This motion can be measured and the repeatable part can be compensated.
However, the non repeatability of this motion should be less than few nano-meters.
#+end_important
** Change in refractive index of the air in the beam path
<>
Three physical properties of the air makes change of the Attocube measurement:
- Temperature: $K_T \approx 1 ppmK^{-1}$
- Pressure: $K_P \approx 0.27 ppm hPa^{-1}$
- Humidity: $K_{HR} \approx 0.01 ppm \% RH^{-1}$
These physical properties should change relatively slowly, however, for a beam path of 100mm:
| Air property Variations | Measurement error |
|-------------------------+-------------------|
| $\Delta T = 1^oC$ | 100nm |
| $\Delta P = 1hPa$ | 27nm |
| $\Delta 10\%RH$ | 10nm |
An *Environmental Compensation Unit* is used and can compensate for variations or air properties up to:
| Air property Variations | Measurement error |
|-------------------------+---------------------|
| $\Delta T = \pm 0.1^oC$ | $\pm 10\,\text{nm}$ |
| $\Delta P = \pm 1hPa$ | $\pm 25\,\text{nm}$ |
| $\Delta \pm 2\%RH$ | $\pm 2\,\text{nm}$ |
#+begin_important
The total measurement error induced by air properties variations is then:
\begin{equation}
\sqrt{20^2 + 50^2 + 4^2} = 54nm
\end{equation}
The beam path should be protected using aluminum to minimize the change in refractive index of the air in the beam path.
#+end_important
** Thermal Expansion of the Metrology Frame
The material used for the metrology frame is Aluminum.
Its linear thermal expansion coefficient is $\alpha = 23 \cdot 10^{-6} K^{-1}$.
The distance between the Attocube head and the Attocube is approximatively equal to 5cm.
\[ \frac{\delta L}{\delta T} \approx 0.05 \cdot 23 \cdot 10^{-6} \approx 1\,\frac{\mu m}{{}^oC} \]
If invar is used ($\alpha = 1.2 \cdot 10^{-6} \, K^{-1}$):
\[ \frac{\delta L}{\delta T} \approx 60 \frac{nm}{{}^oC} \]

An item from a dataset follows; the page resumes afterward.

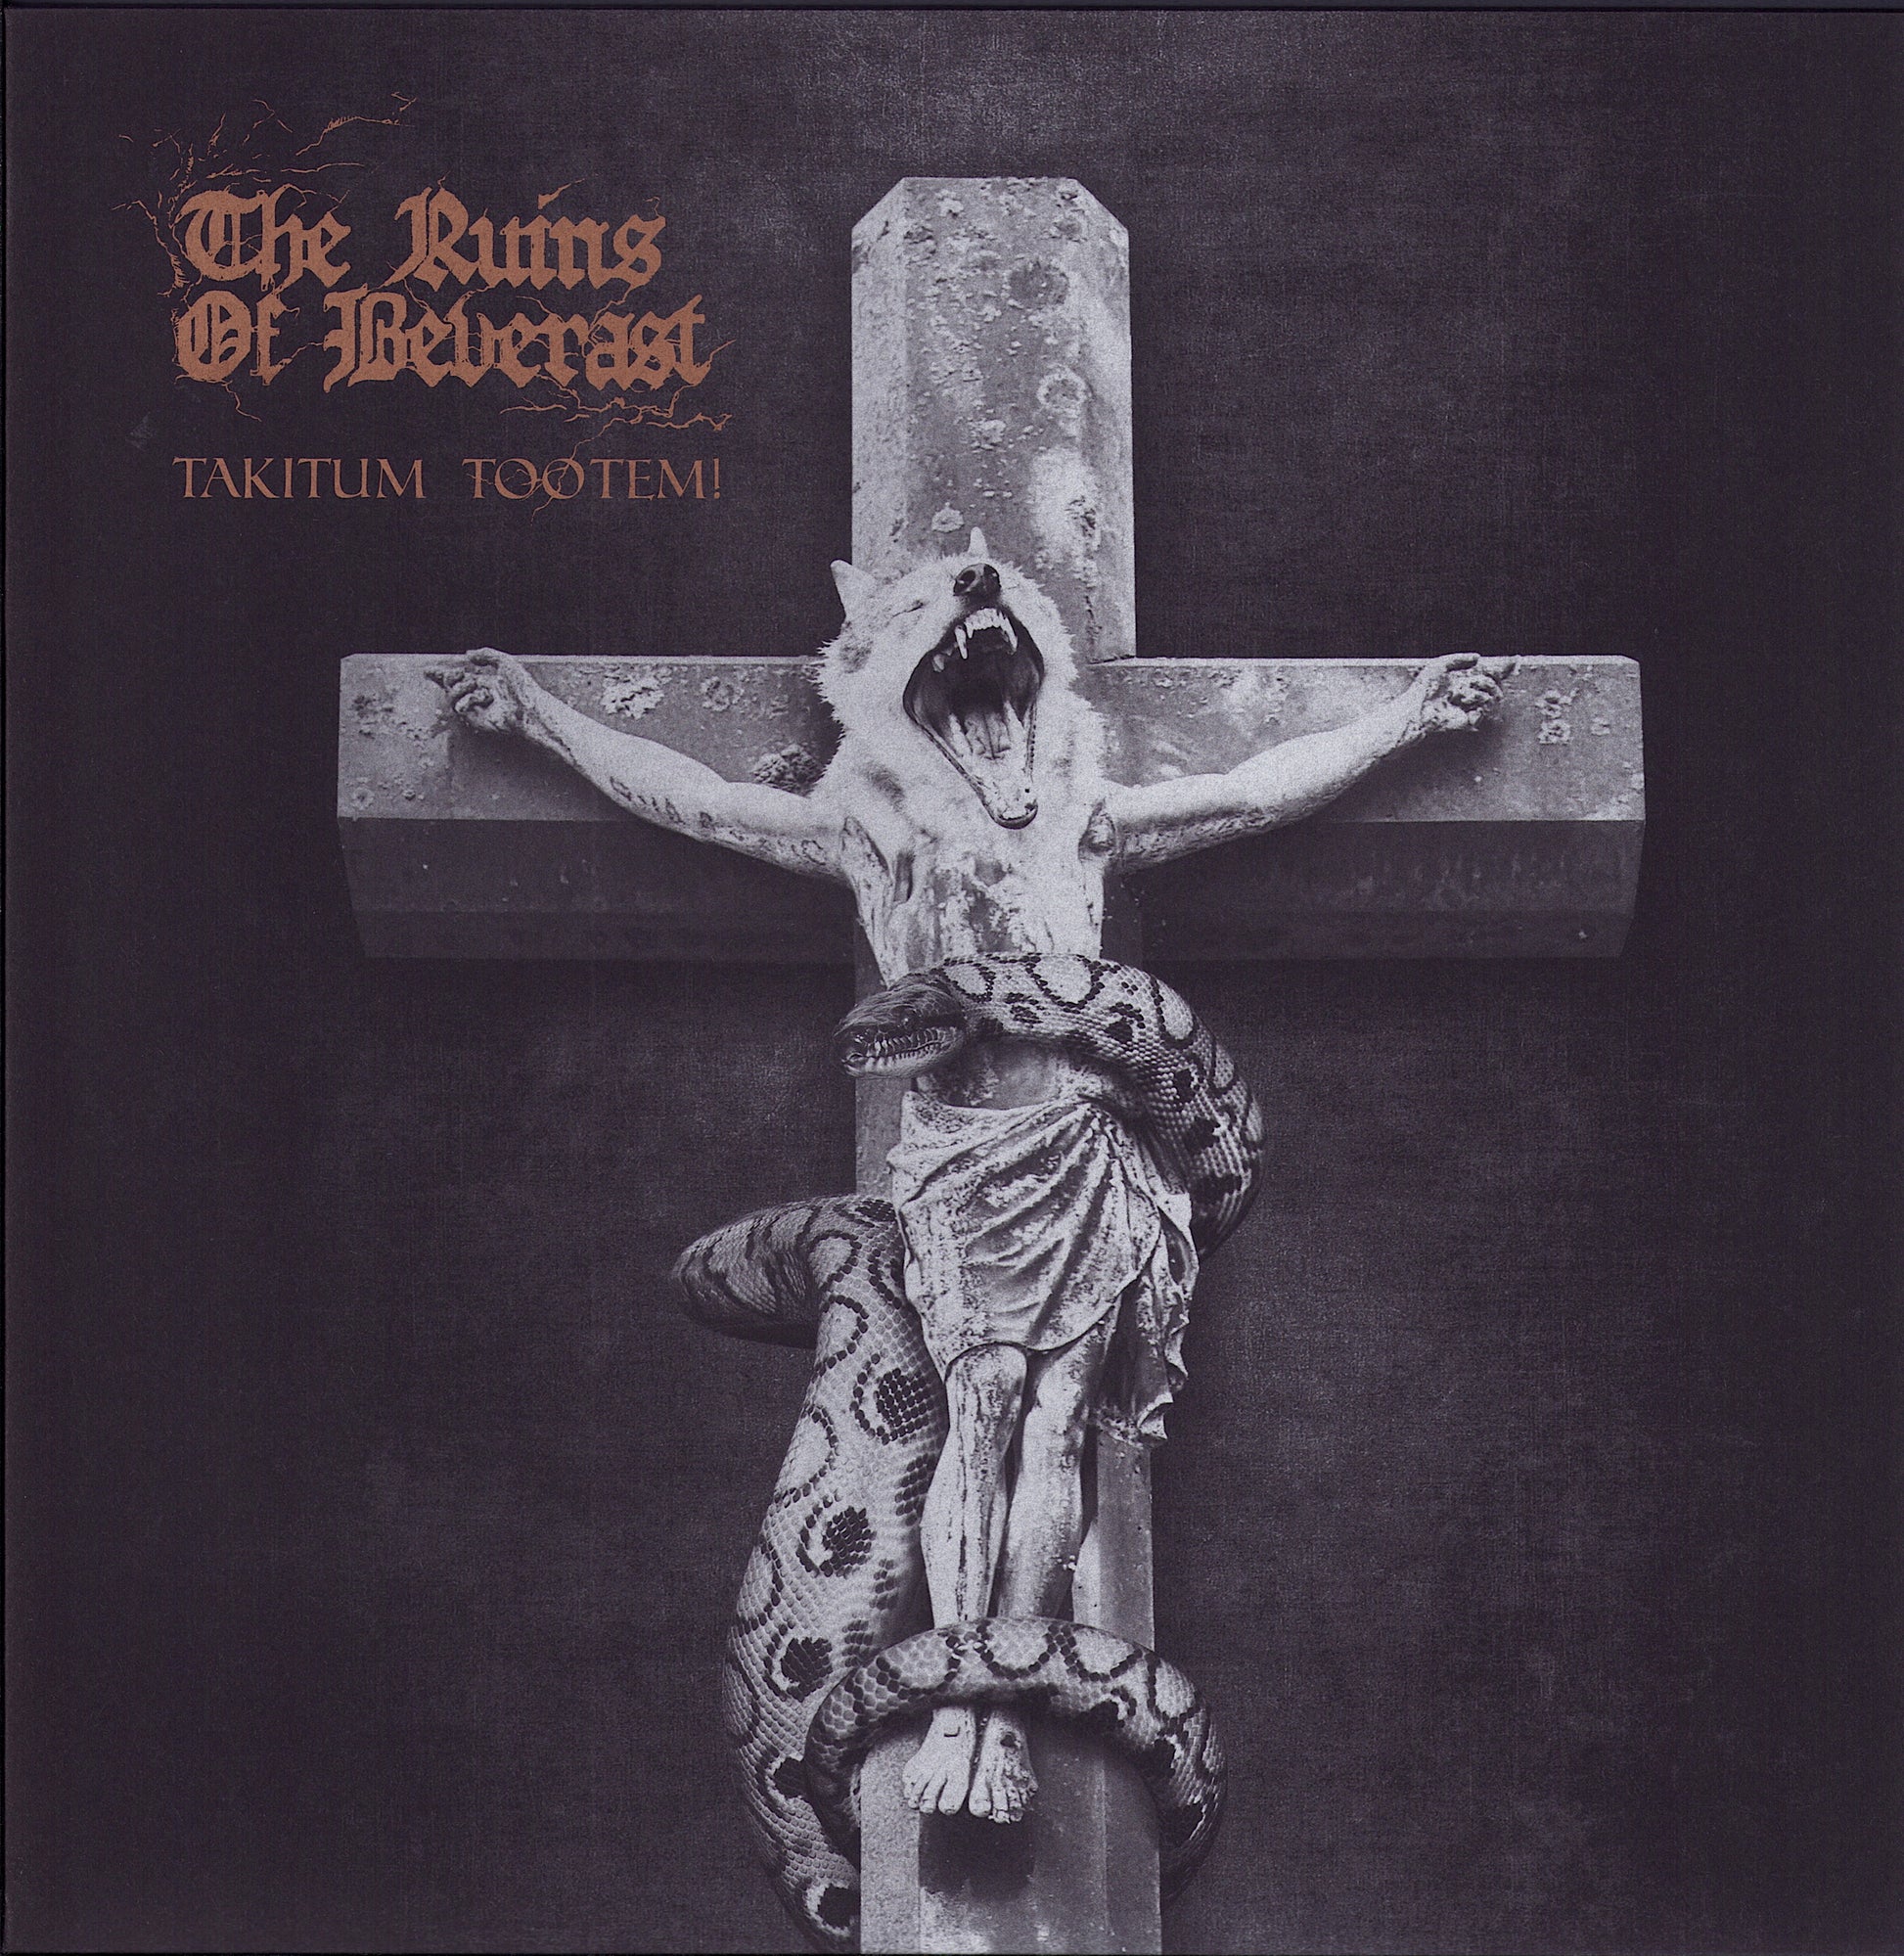 The Ruins Of Beverast – Takitum Tootem! Clear Vinyl 12" EP
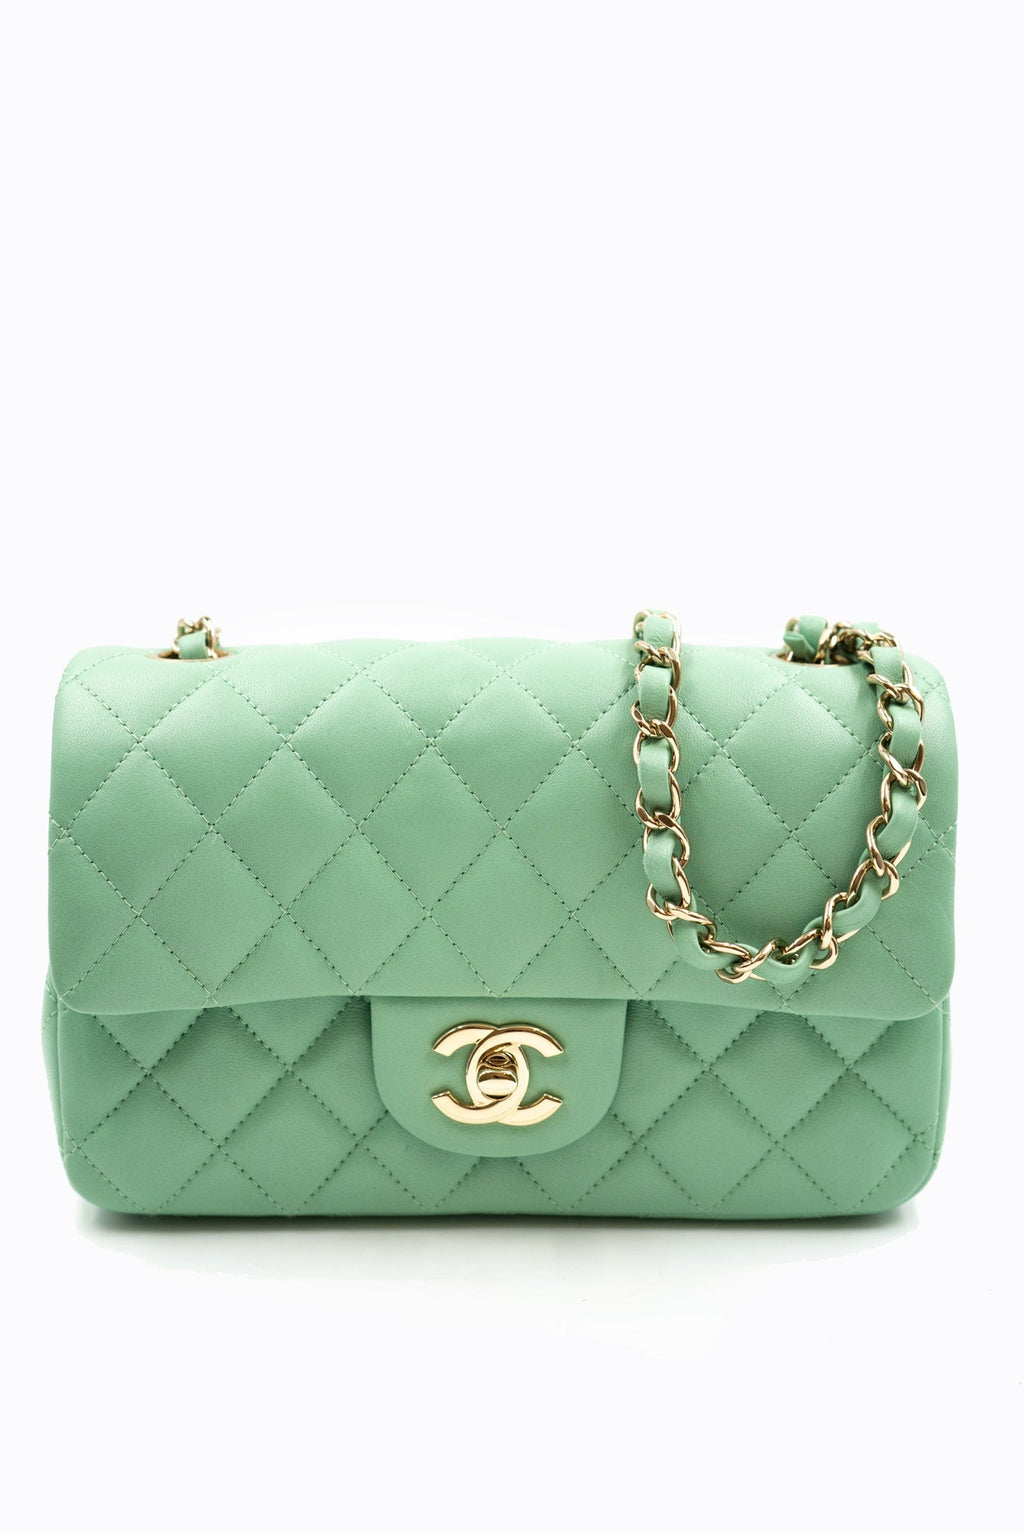 Chanel 2.55 vs the Classic Flap Bag: What is the Difference

Thus, the temperature of the metrology frame should be kept constant to less than $0.1\,^oC$.
** Estimation of the Sercalo angle error due to Noise
<>
*** Introduction :ignore:
In this section, we seek to estimate the angle error $\delta \theta$
Consider the block diagram in Fig. [[fig:feedback_diagram]] with:
- $G$: represents the transfer function from a voltage applied by the Speedgoat DAC used for the Sercalo to the Beam angle
- $K$: is the control law used
The signals are:
- $\delta \theta$: is the "true" laser beam angle
- $\delta \theta_m$: is the measured beam angle ($\delta \theta_m = \delta \theta + n_\theta$)
- $n_\theta$: is the measurement noise of the laser beam angle using the 4 quadrant diode.
It includes:
- ADC noise
- $1/f$ noise, Shot noise, Ambian noise, Intensity noise...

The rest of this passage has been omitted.